Data below:
○ ○ ○ ○ ○ ○ ○

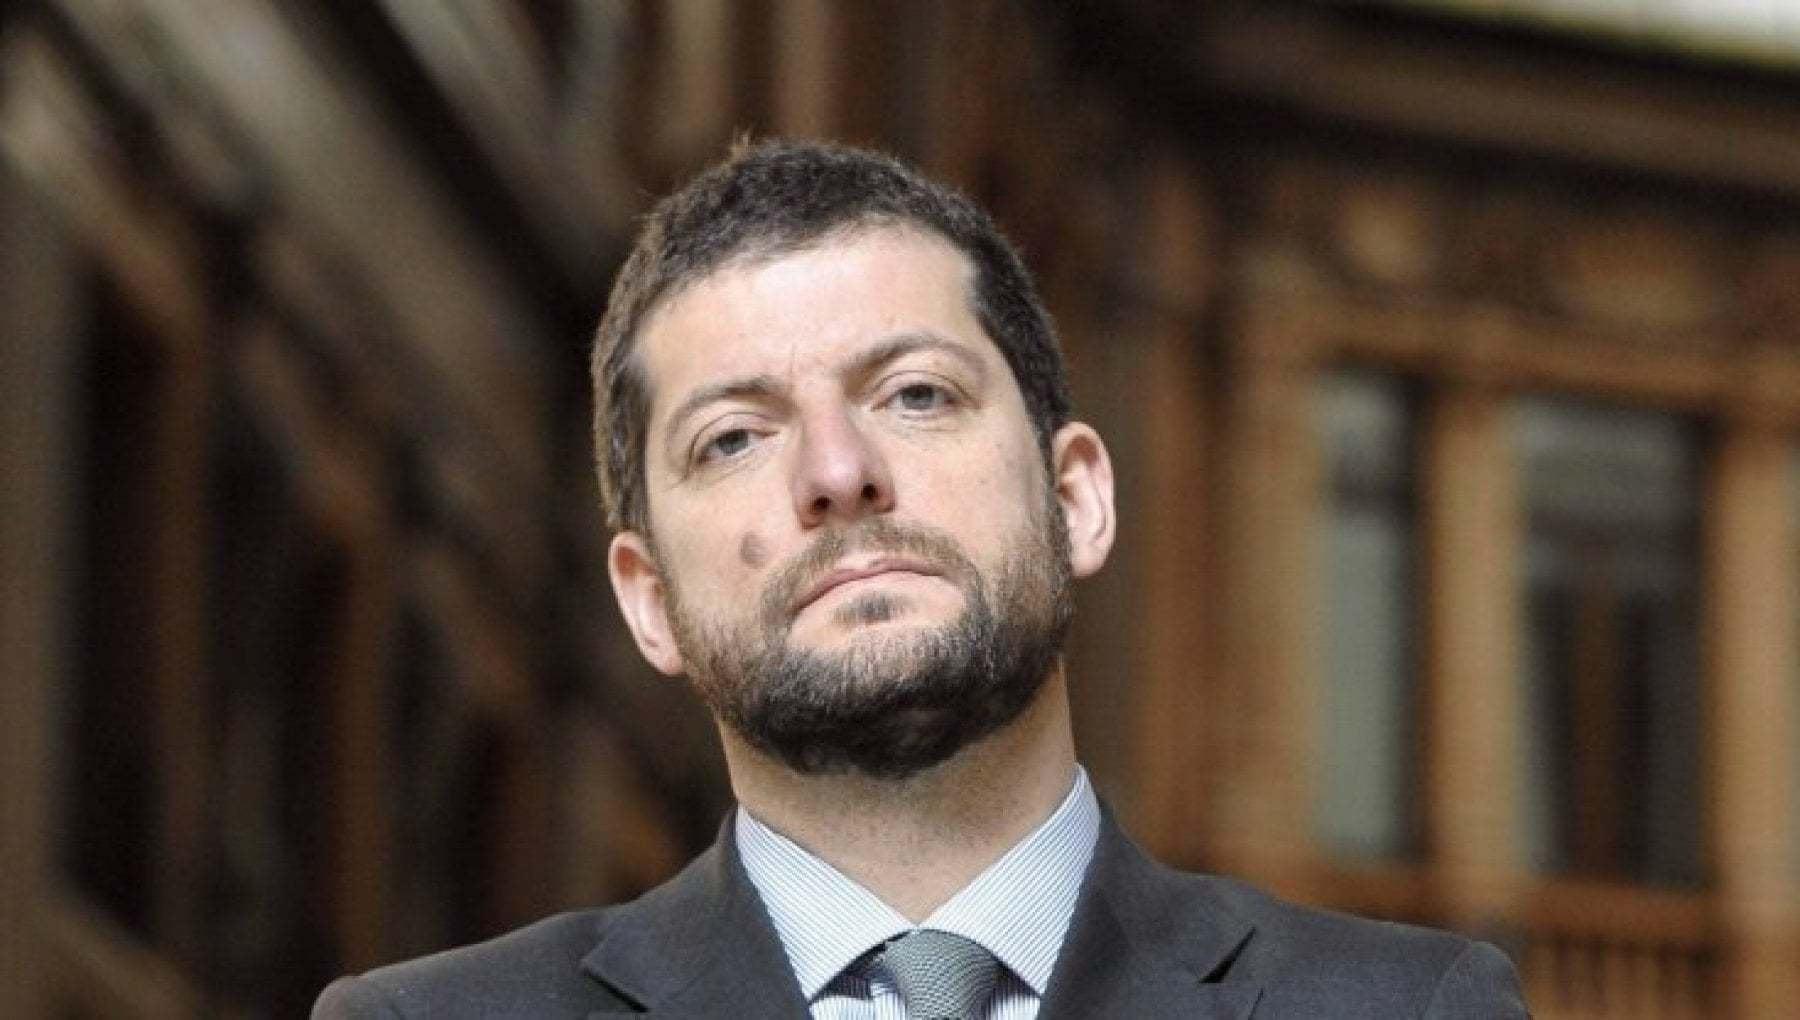 """Roma scandalo cimiteri, il dramma di Andrea Romano (Pd): """"Raggi vergognati, da due mesi non riesco a seppellire mio figlio"""". La sindaca convoca Ama"""
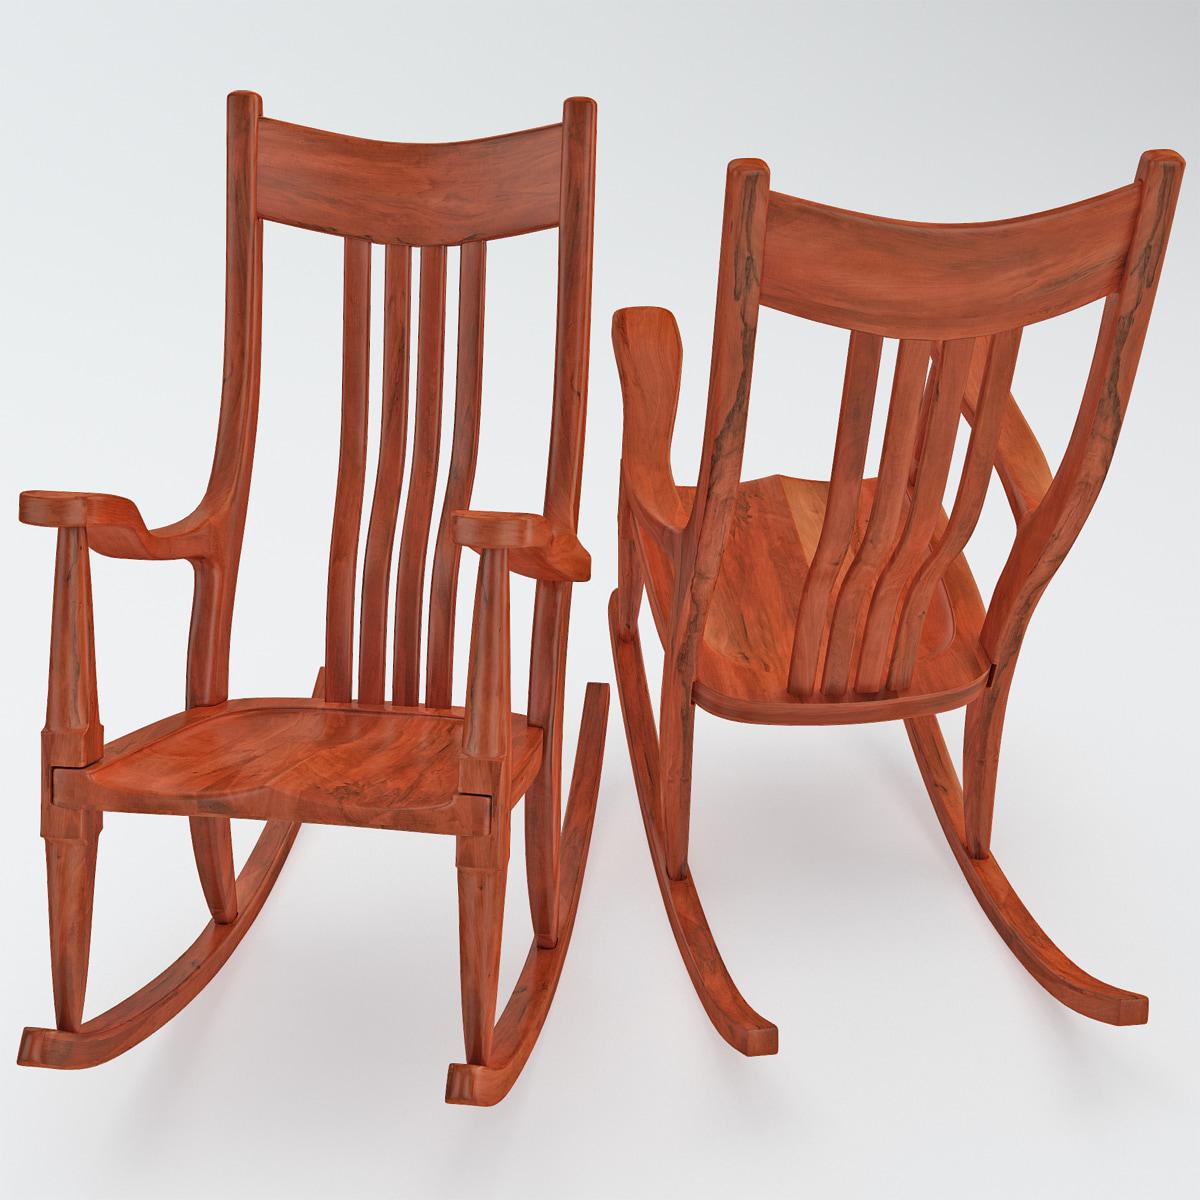 198102_Wooden_Rocking_Chair_001.jpg
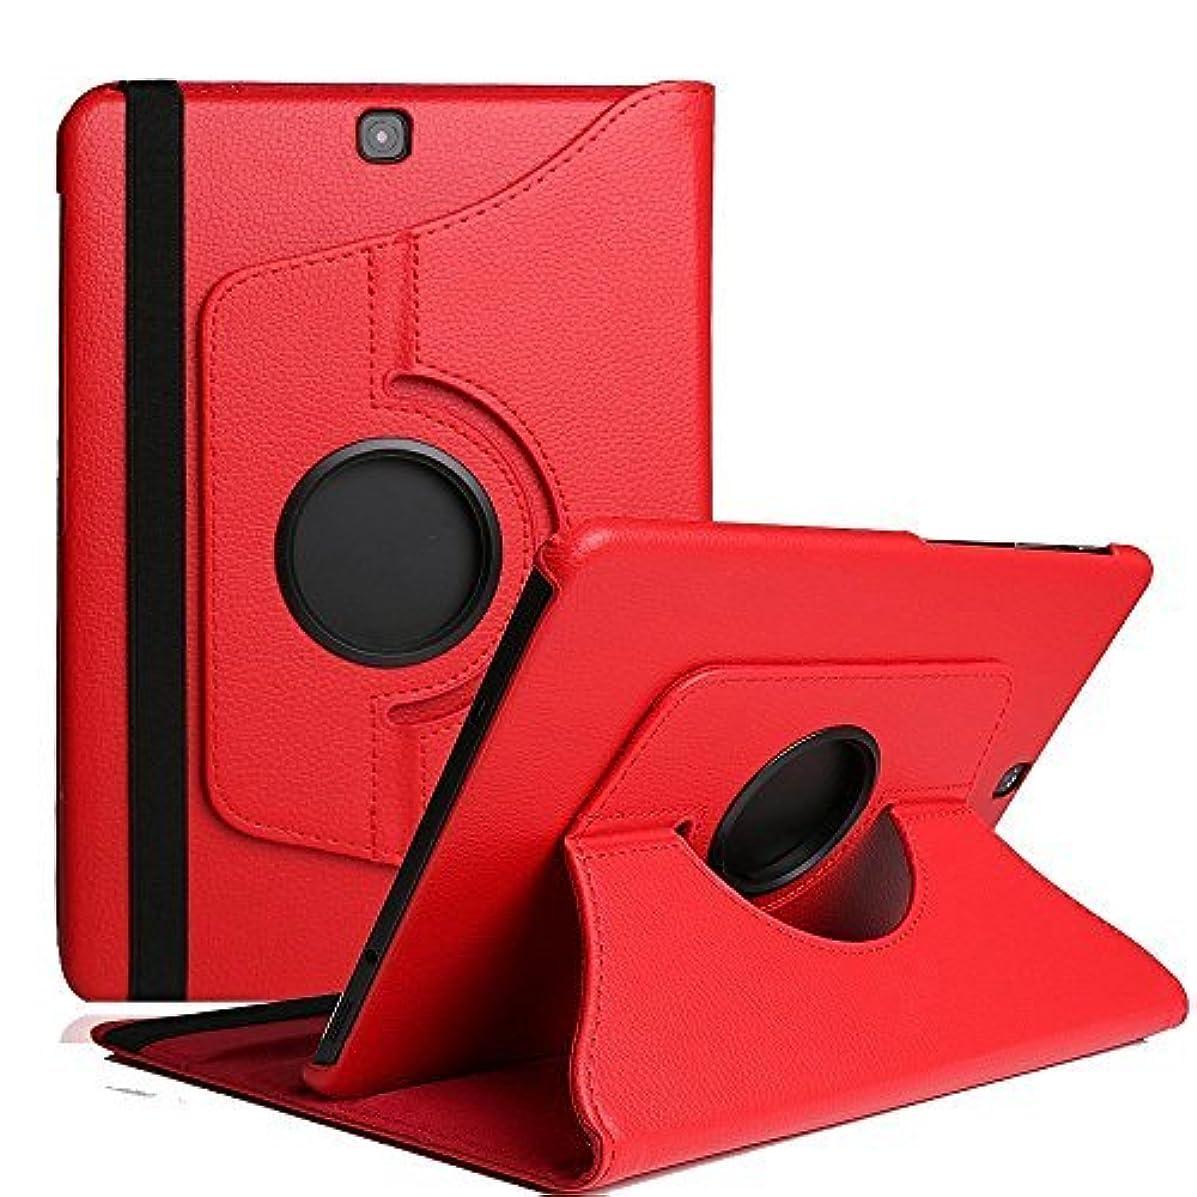 理想的ジャム愚かなクリアケース Galaxy Tab S2 8.0 三つ折り、SIMPLE DO 多機能 軽量 持ち運び便利 マグネット 生活防水 盗難防止 SM-T710/SM-T715対応(レッド)

○ ○ ○ ○ ○ ○ ○

Work instruction:
Every line above should be duplicated exactly; the pictures are to be left out.

The answer:
 """Roma scandalo cimiteri, il dramma di Andrea Romano (Pd): """"Raggi vergognati, da due mesi non riesco a seppellire mio figlio"""". La sindaca convoca Ama"""
 198102_Wooden_Rocking_Chair_001.jpg
 理想的ジャム愚かなクリアケース Galaxy Tab S2 8.0 三つ折り、SIMPLE DO 多機能 軽量 持ち運び便利 マグネット 生活防水 盗難防止 SM-T710/SM-T715対応(レッド)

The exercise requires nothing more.